■ Exercise details
From the first line to the last, retype everything below exactly, minus the pictures.

■ Dataset excerpt

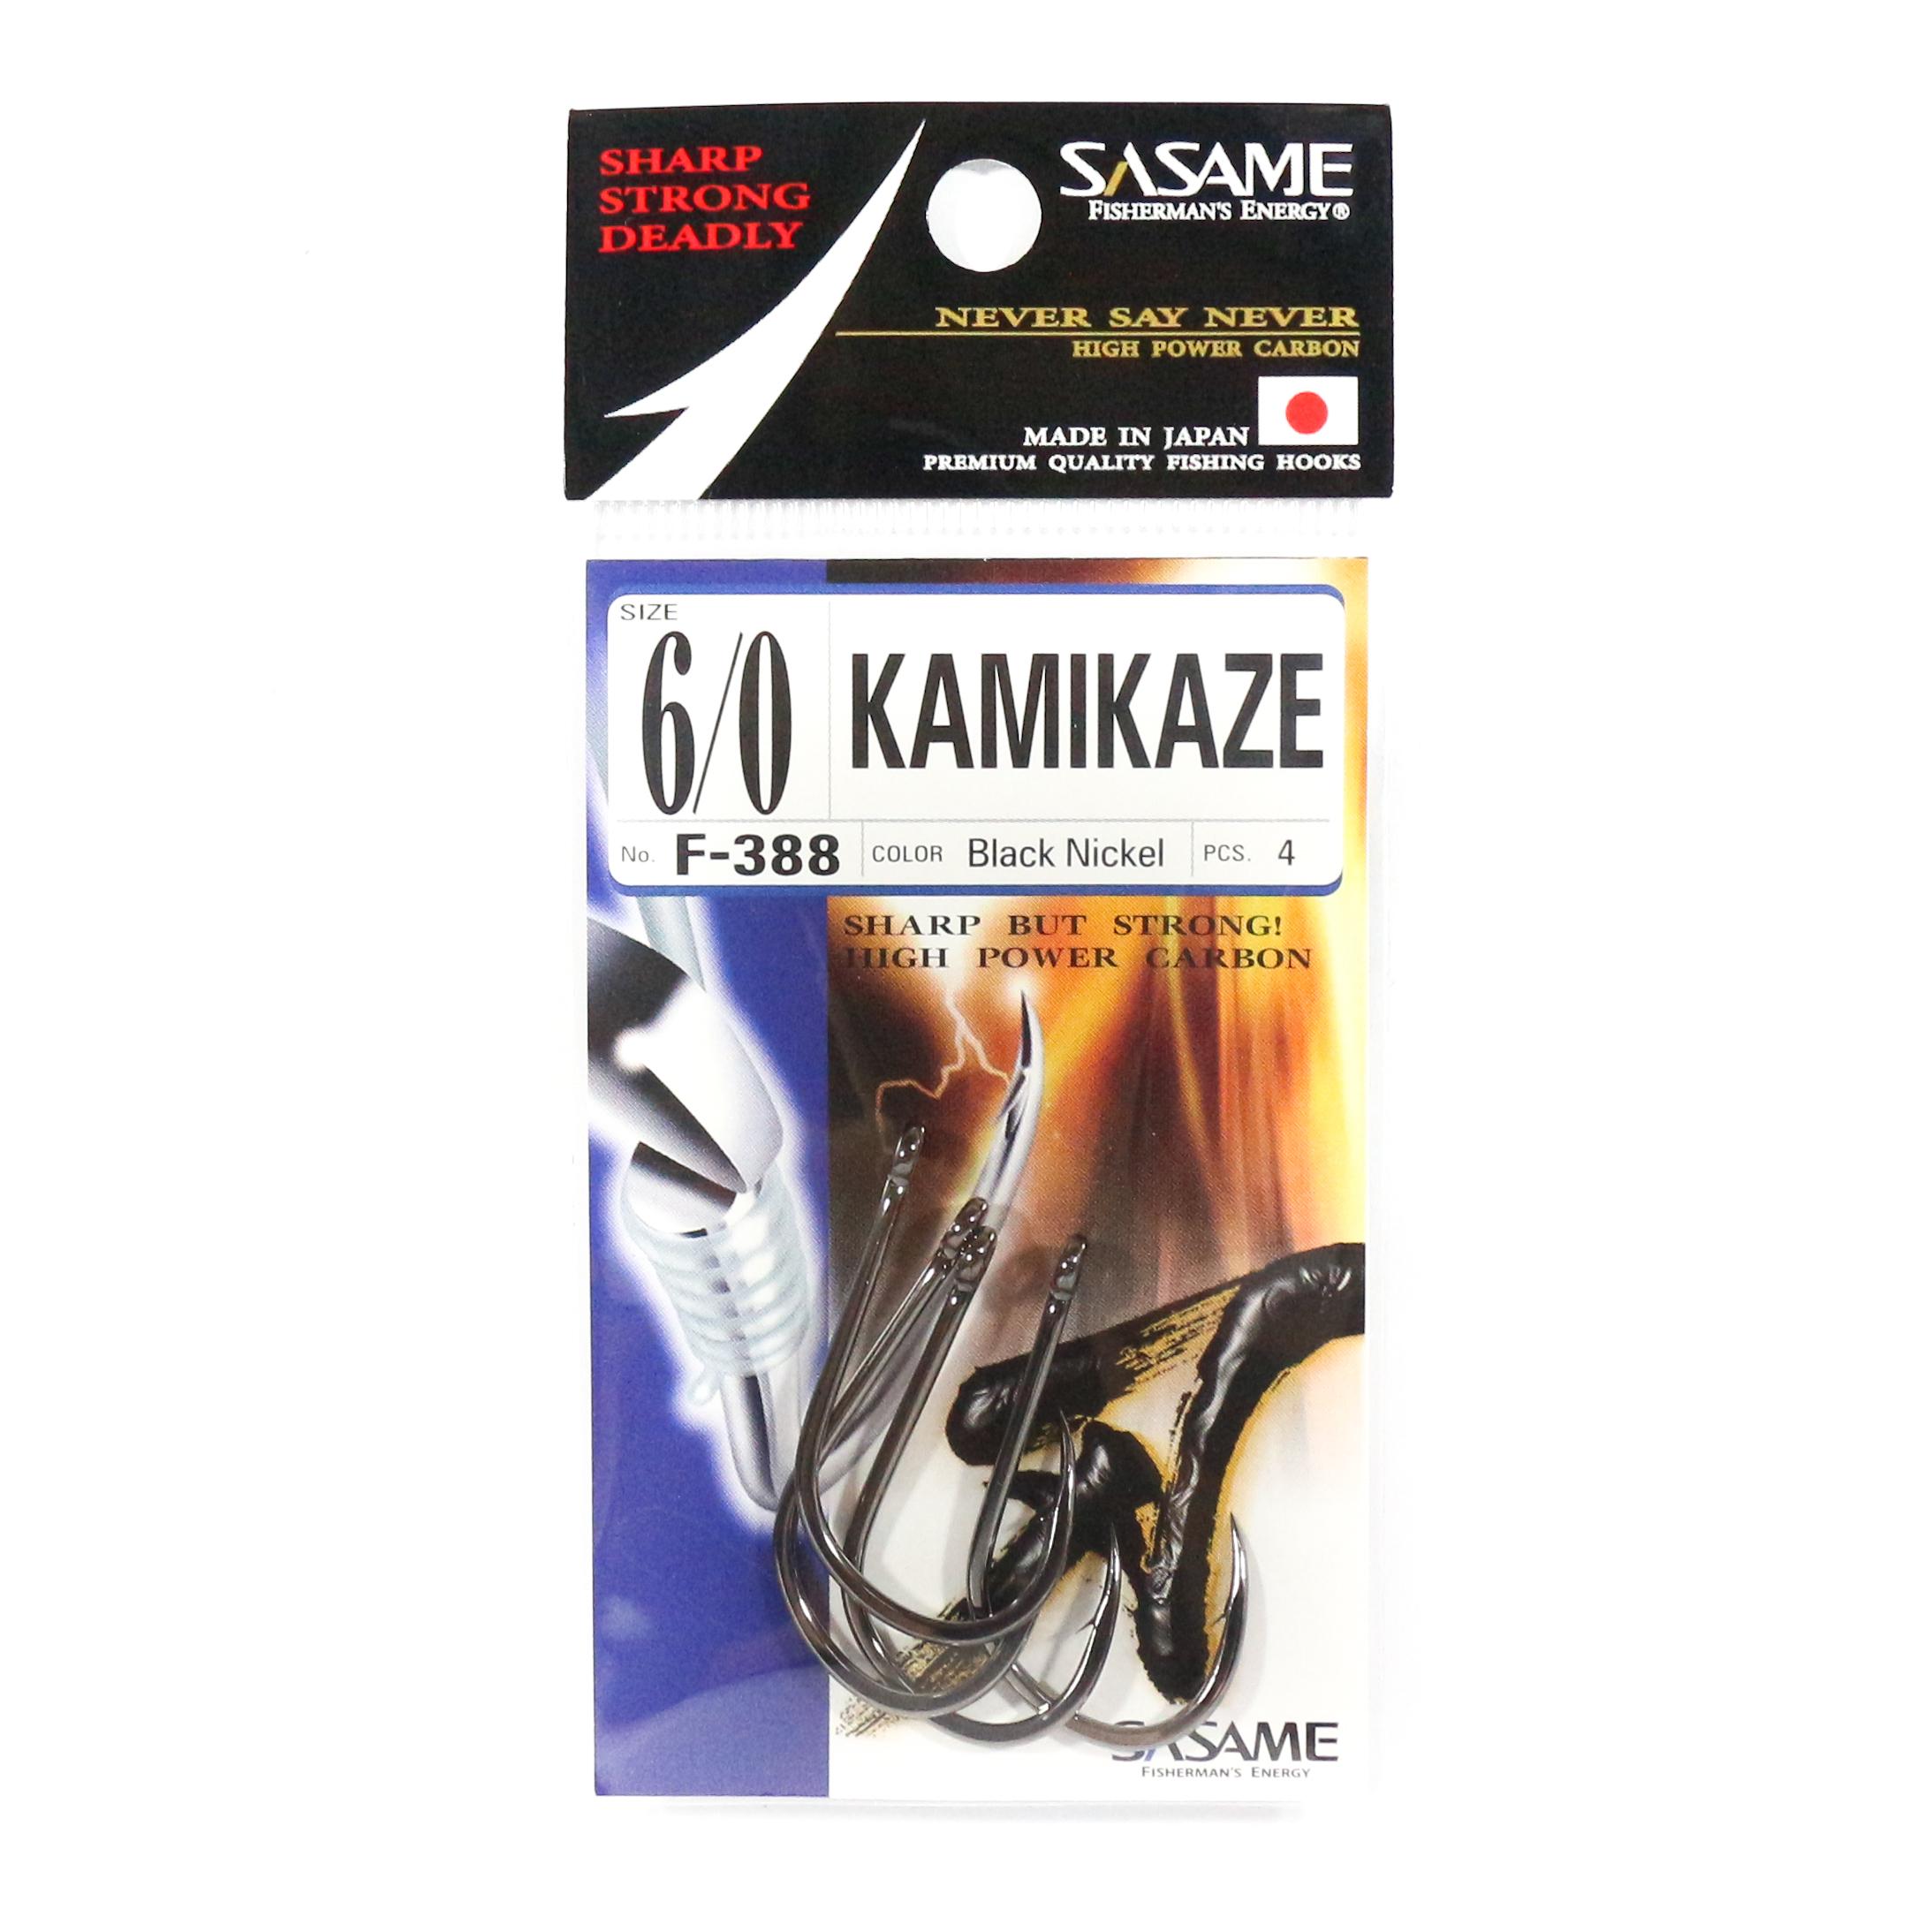 Sasame F-388 Kamikaze Straight Shank Offset Hook Size 6/0 (4828)
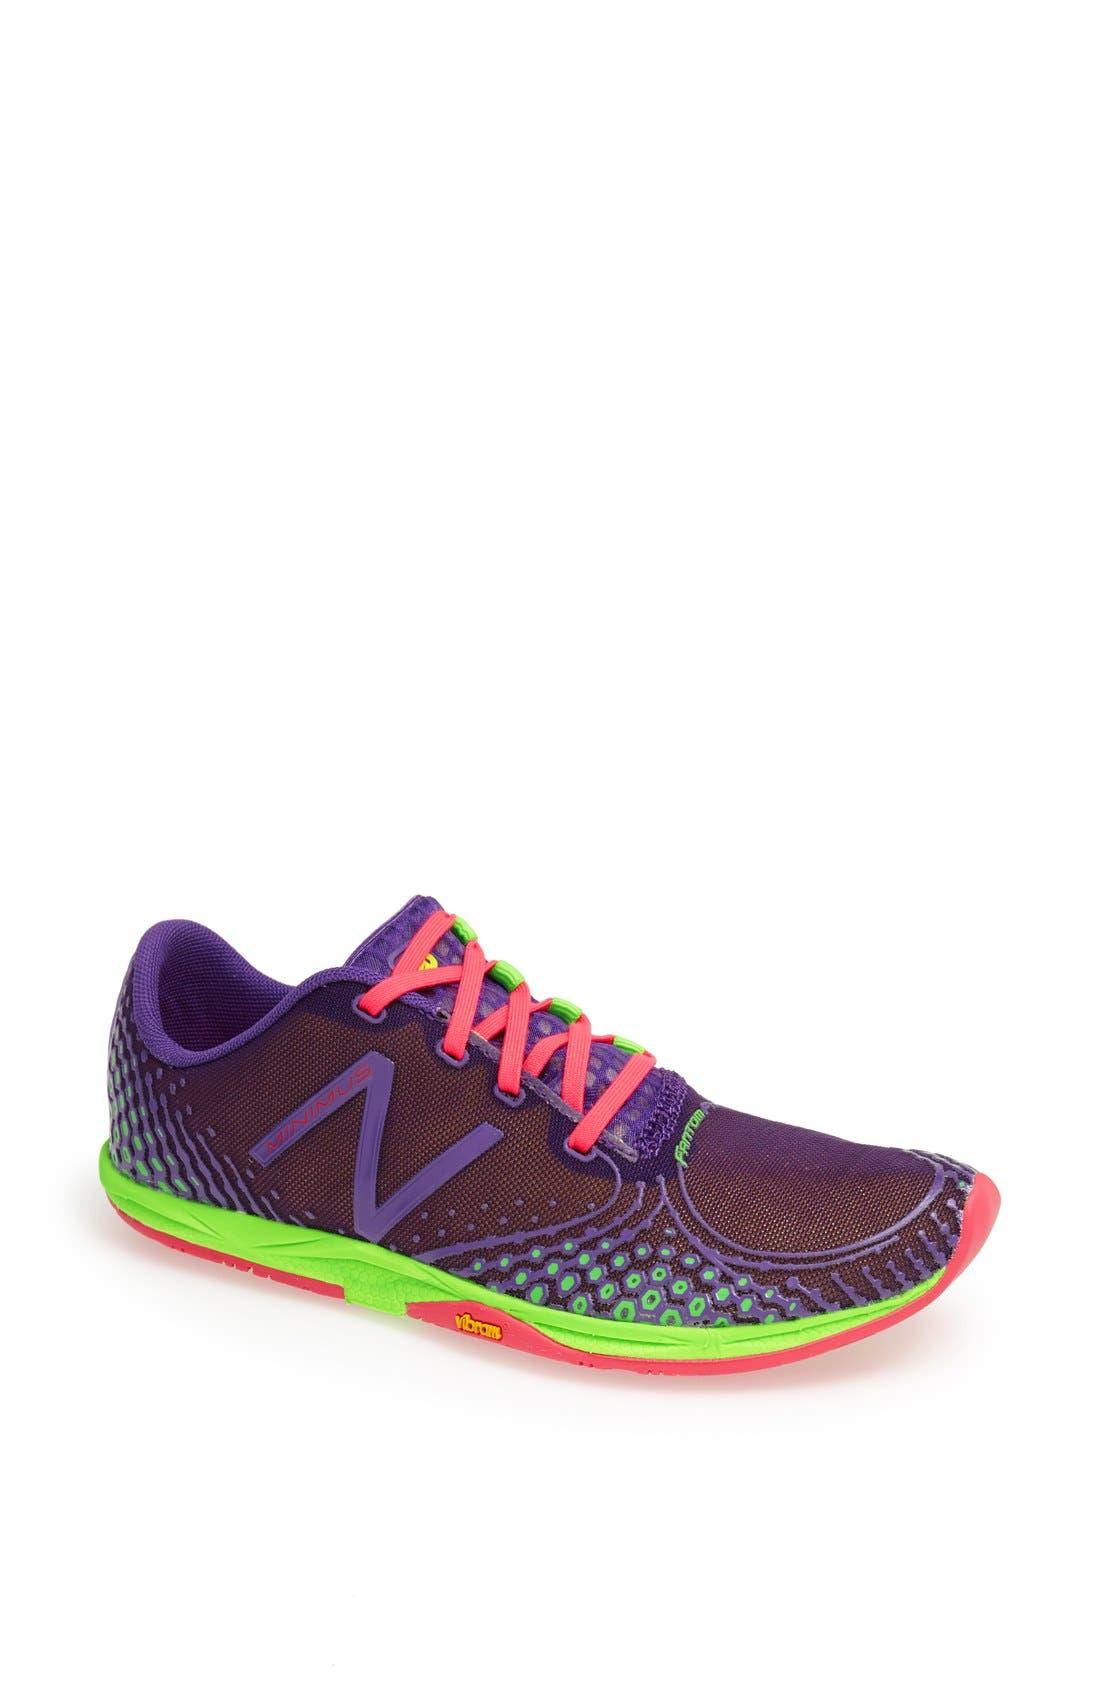 Alternate Image 1 Selected - New Balance 'Minimus Zero V2' Minimal Road Running Shoe (Women)
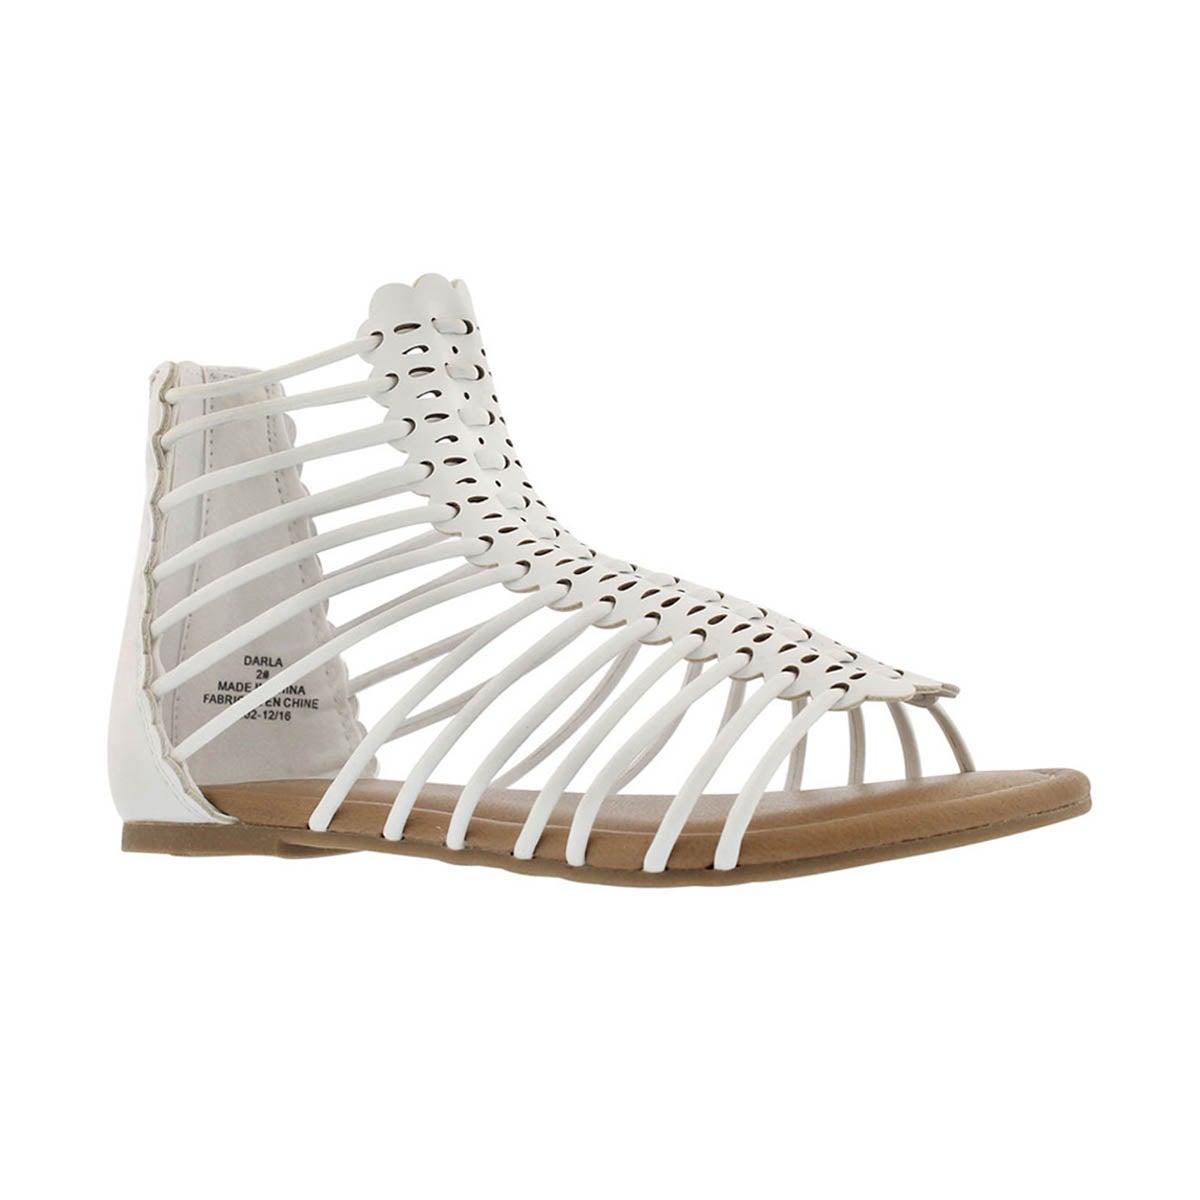 Girls' DARLA white casual sandals

■ Written solution
 Sasame F-388 Kamikaze Straight Shank Offset Hook Size 6/0 (4828)
 Alternate Image 1 Selected - New Balance 'Minimus Zero V2' Minimal Road Running Shoe (Women)
 Girls' DARLA white casual sandals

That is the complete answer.